Back to suffering. Although I wasn’t raised to ask ‘why me’?… I did ask my grandmother why is the world such a bad place? And she said, “You’ll make yourself crazy thinking about it. No point. You’re cutting those beans too big”. Thank you to the lady who grew up with war. I guess when Japanese soldiers machete infants in front of you, you don’t have the time to contemplate senseless violence. So I try again “I can’t handle the suffering”. Are you ready? She says “You’re sensitive, it’s from growing up without anyone to talk to, too much time alone. You are not given suffering that you cannot endure. The Lord is testing you”. This is probably the most comforting thing that anyone has ever said to me, take the religious connotations as you wish, I really like this idea of being made to suffer to your limitations.

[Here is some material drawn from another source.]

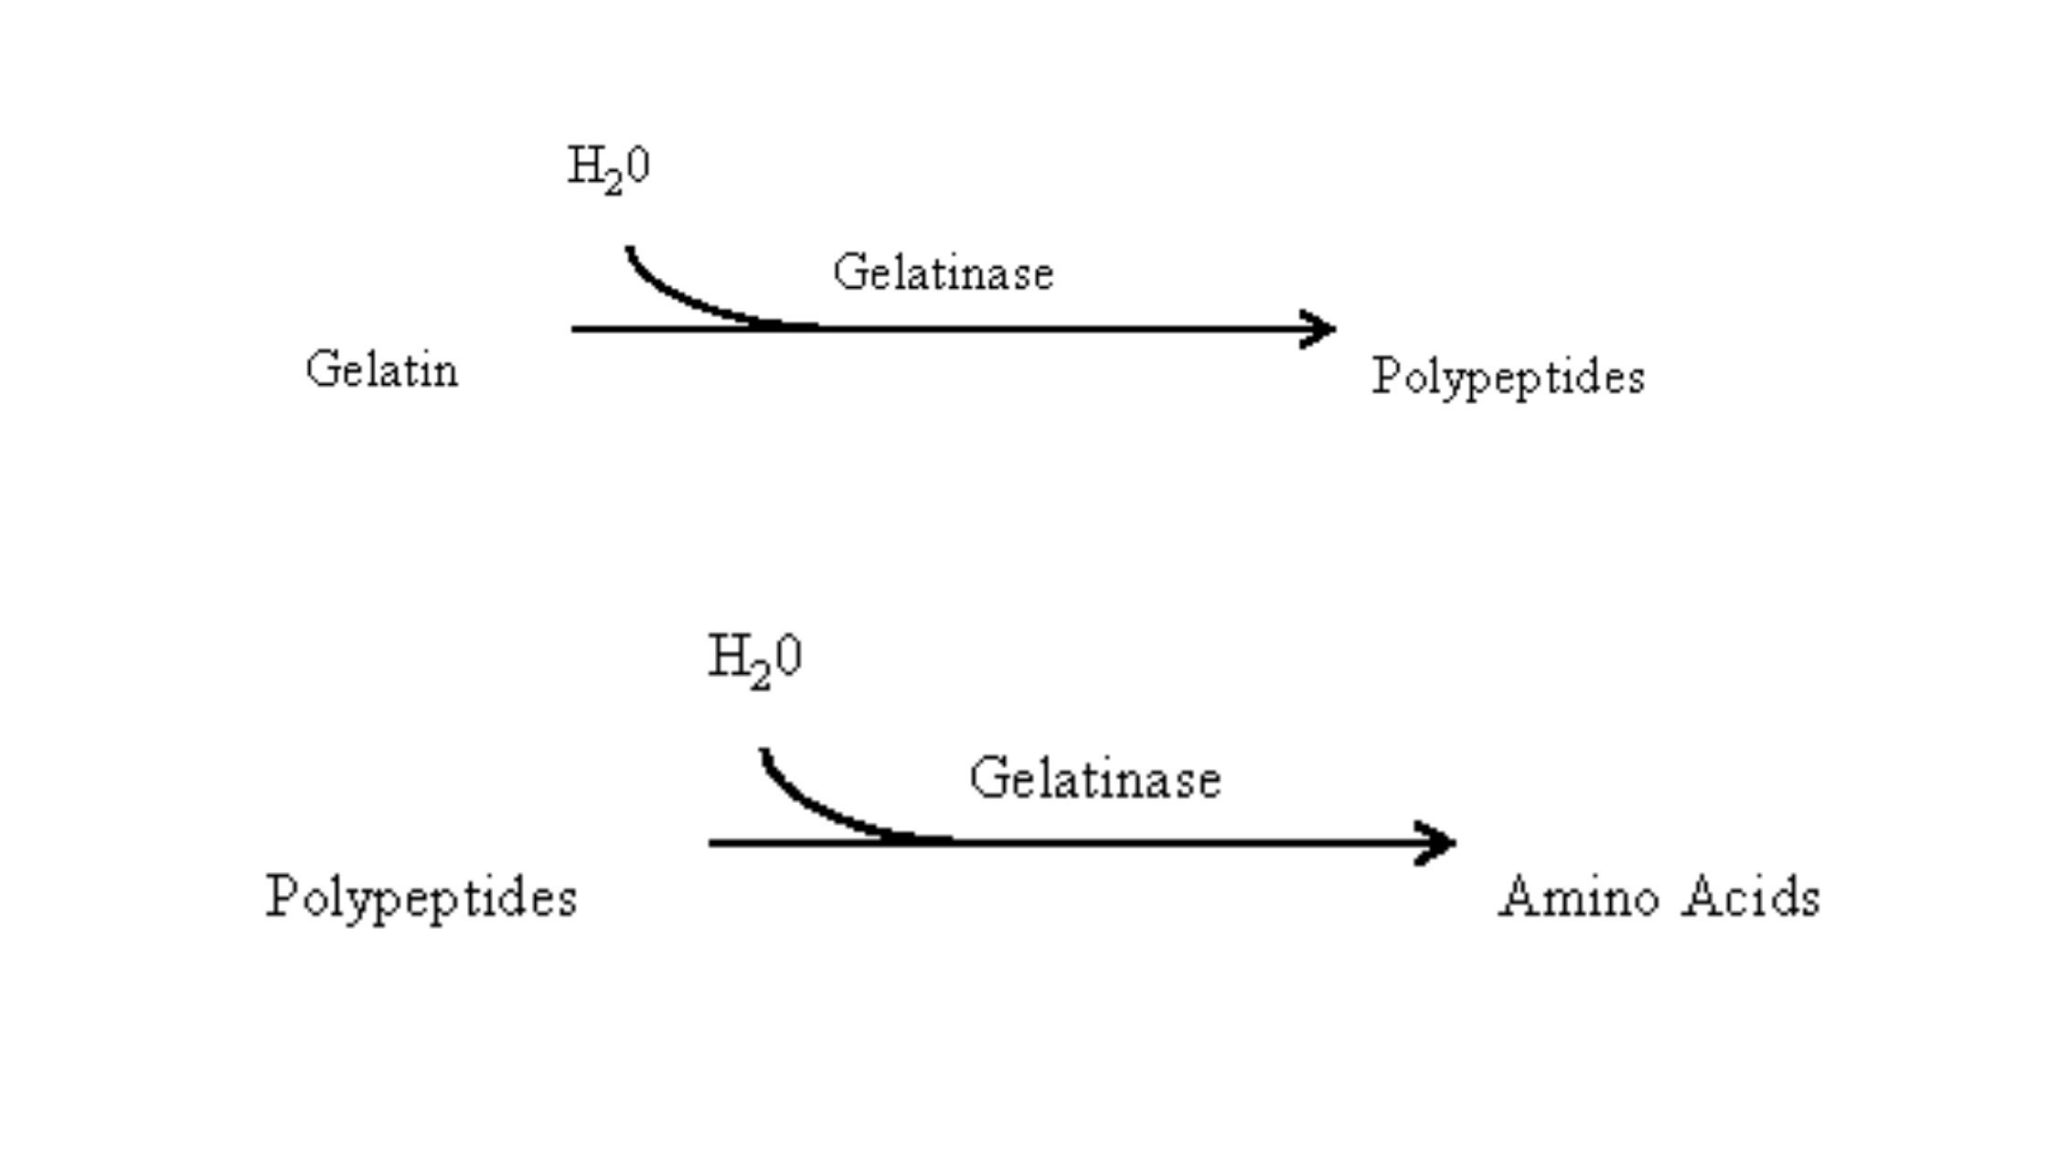 gelatin hydrolysis test

It’s easy to look at other people’s lives who seem to have it “easy” (cause their insta is lit #couplegoals #blessed #emporerhasnewclothes #basicavocado) but let’s flip it and reverse it. Stay with me. So my cousin’s wife: 5 kids, her brother and husband murdered. Gunned down. Property disputes. Hospital debts. Poverty. Can we send her a piece of birthday cake for her human suffering? Fuck me. So I look at Jennifer and I don’t feel sorry for her. Pity is a non-productive emotion. I want to help her, for sure, and that’s coming from a place of practicality. But I look at her situation and I think “nup, no no no”. That would break me. Her ability to suffer is great. But she wouldn’t be suffering to that extent if she couldn’t handle it. And she’s fucking handling it. I don’t know if there’s enough religion in me to endure. I was not given her suffering because I couldn’t bear it. I was given my suffering because I CAN bear it. The religious shit follows on with your reward is equal to your suffering but whatever, i think that that’s like a little carrot in front of the donkey to motivate it to not give up. When you are suffering, you are just grateful for respite. you are not looking towards greater reward. Trust.

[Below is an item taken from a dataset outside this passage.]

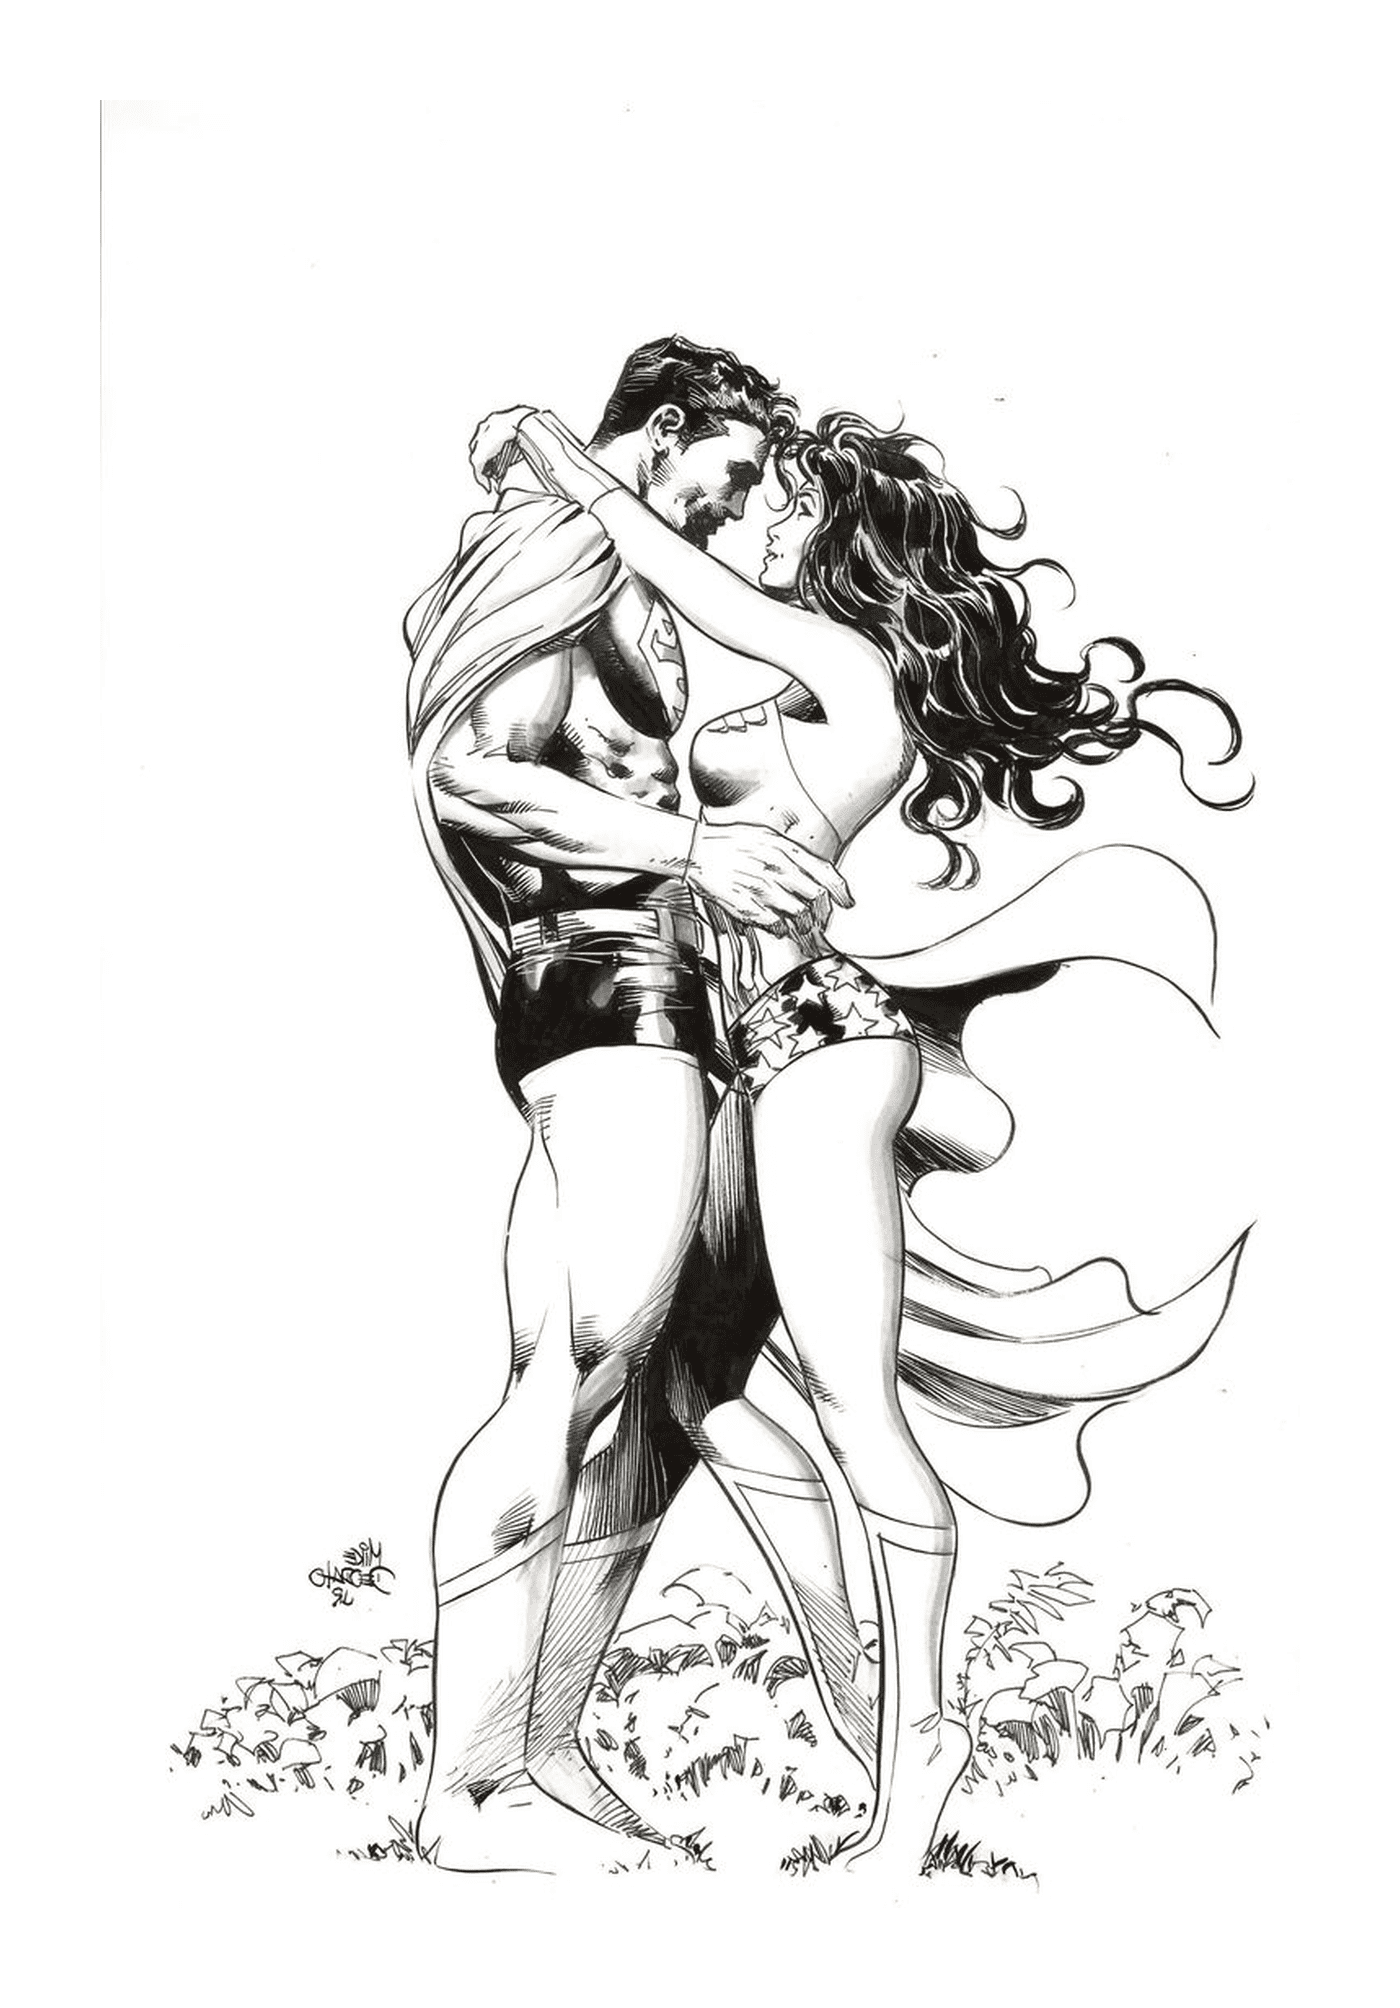  Mann und Frau, Wonder Woman in der Liebe mit Superman

I think I found my silver lining. I have to be able to handle this shit or it wouldn’t be happening. And this is the first time in over 6 months where I feel like there might actually be fight in me. Like I need to get the fuck up again and remember that I am capable of suffering. It’s easy to live a good life. Is it easy to suffer? No. I think one should be proud of their ability to suffer, embrace it, seek solace in it. It is what makes me special. It might not seem like a gift but maybe it is. And what is death? In the way that I am trying to understand it, at least. Milan, you died because you reached your capacity to suffer and that’s a tragedy. But I respect and admire you fiercely for getting that far cause no one fucking knows. Not even me, how bad it was for you. Before, I’d think “things can always get worse” cause they always fucking did. And that perspective helped me enough to live day to day but I wasn’t good. I always felt like I was bracing for something bad to happen. Now, I think. “This is going to be fine because I have not reached the limitations of my suffering”. It’s almost a double negative that becomes positive…or the reverse of how current people view themselves. So you think you’re fucking really special and you’re destined for great shit cause you inherently “know” and you live out your life in disappointment because you expected more. No babe, you don’t deserve shit. Humanity is tied together by our ability to suffer. We suffer famine, drought, illness, war and each other. Suffering is the great leveller. I think I am beginning to recover from the injury of universal suffering by admiring the ability of the human spirit to do so.
To Reagan, may you rest in peace. PS. Thanks for not dying on my birthday.